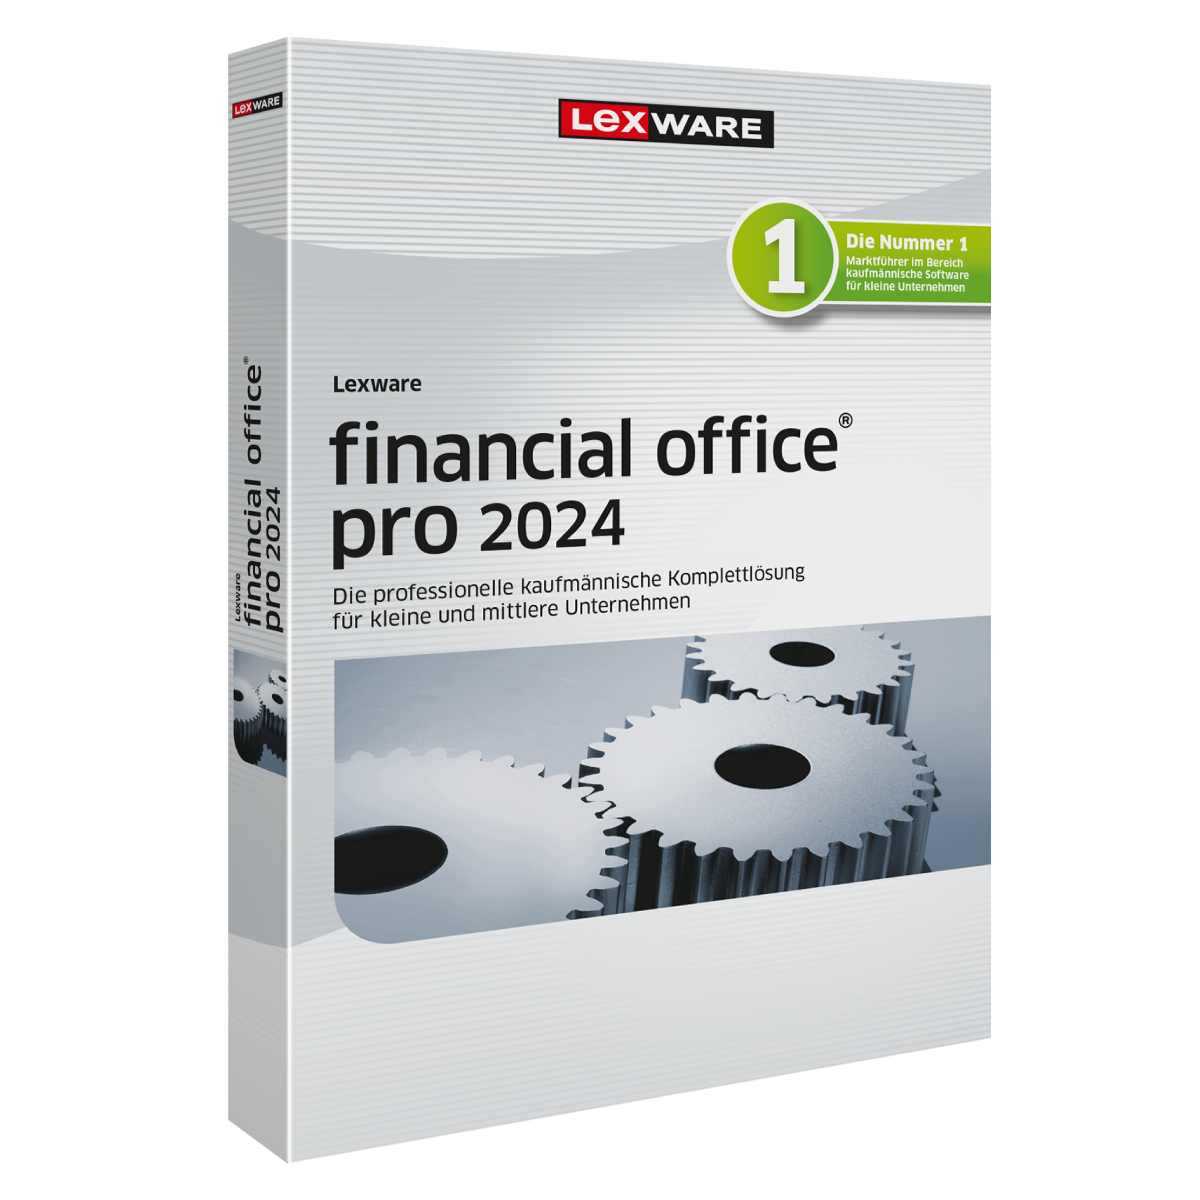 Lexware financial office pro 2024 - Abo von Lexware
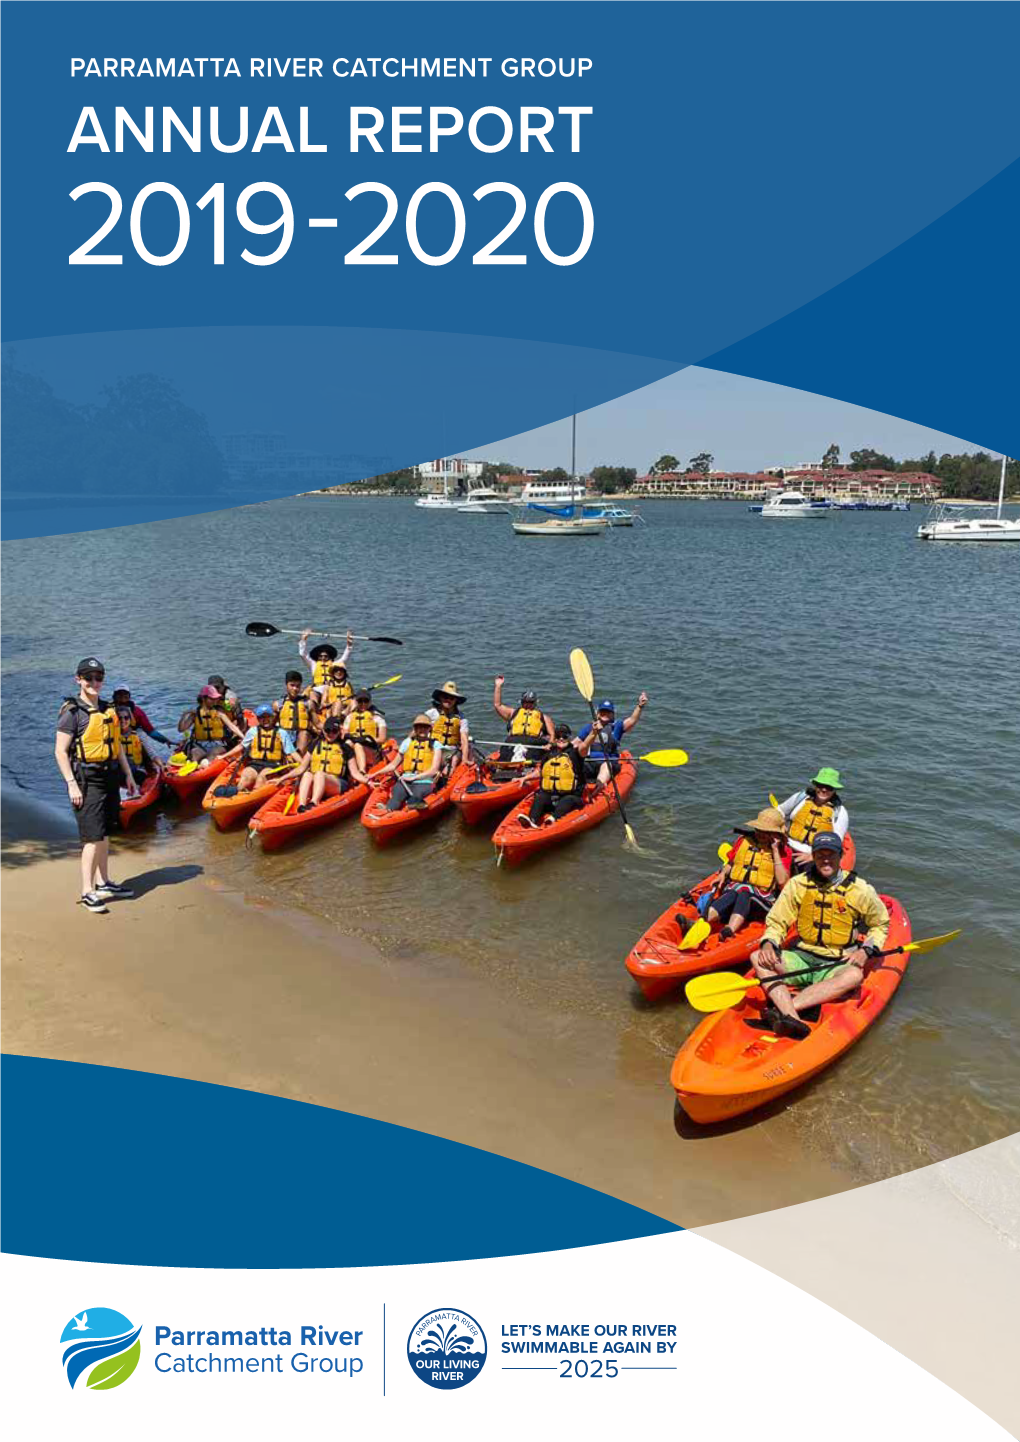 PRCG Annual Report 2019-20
==
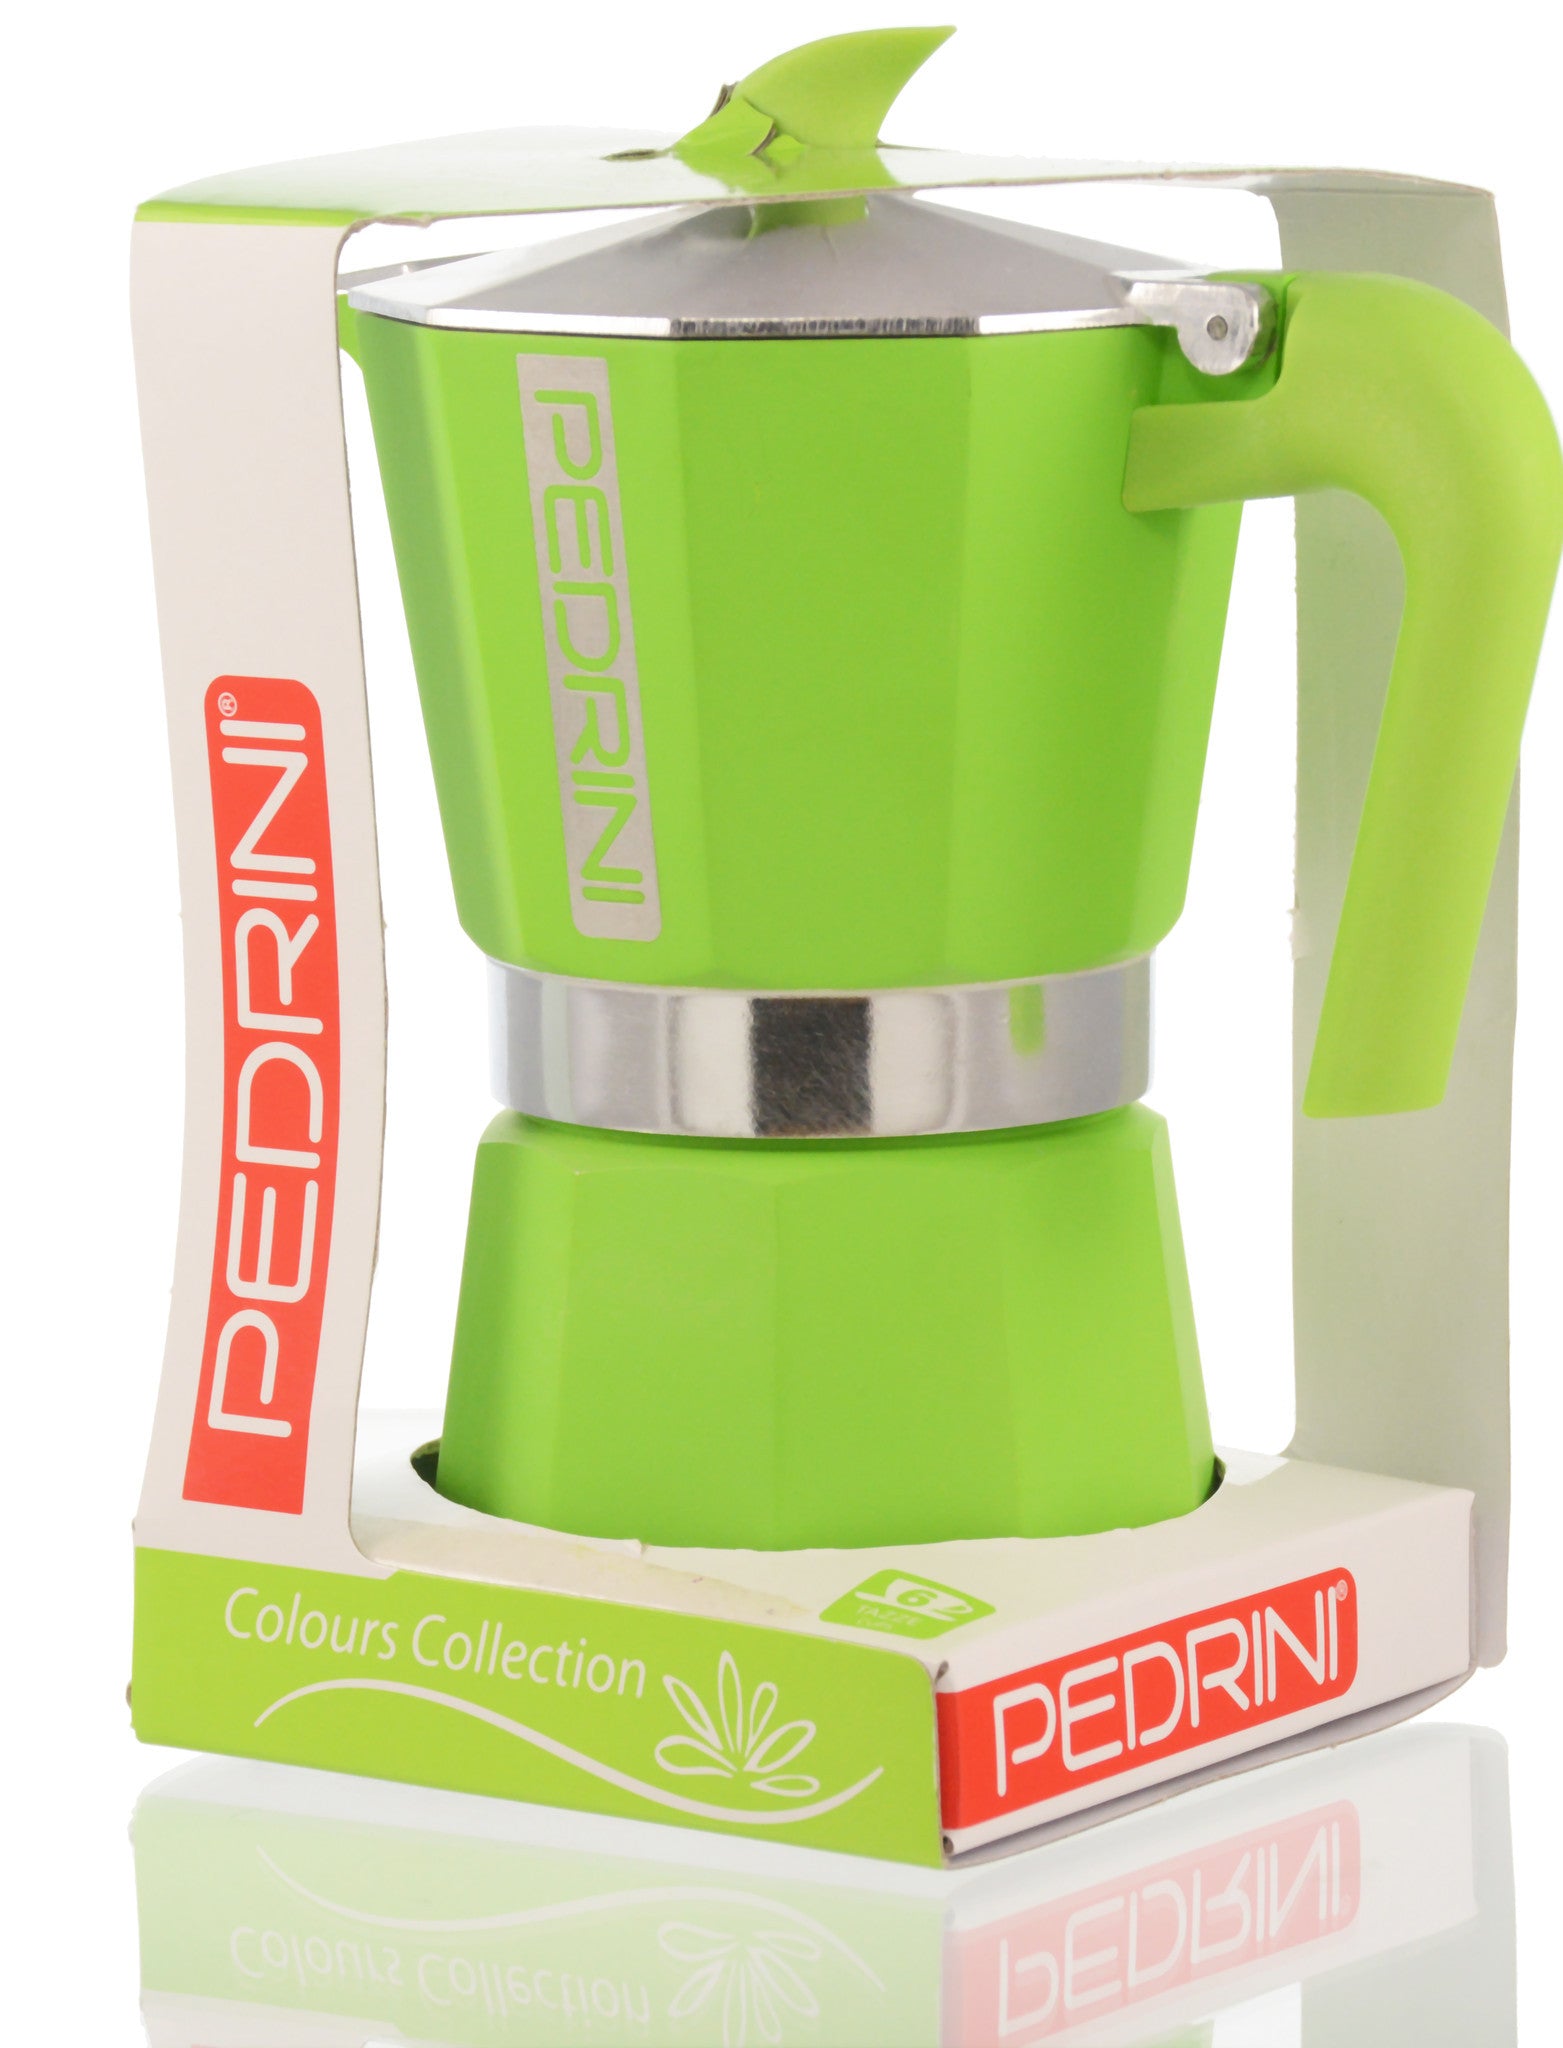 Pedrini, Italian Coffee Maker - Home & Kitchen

> [Instructions to follow]
Leave out every picture, and copy exactly the lines above starting at the one holding "Lexware financial office" and ending at the one holding "PRCG Annual Report 2019-20", no more and no less.

> [The answer]
 Lexware financial office pro 2024 - Abo von Lexware
 PRCG Annual Report 2019-20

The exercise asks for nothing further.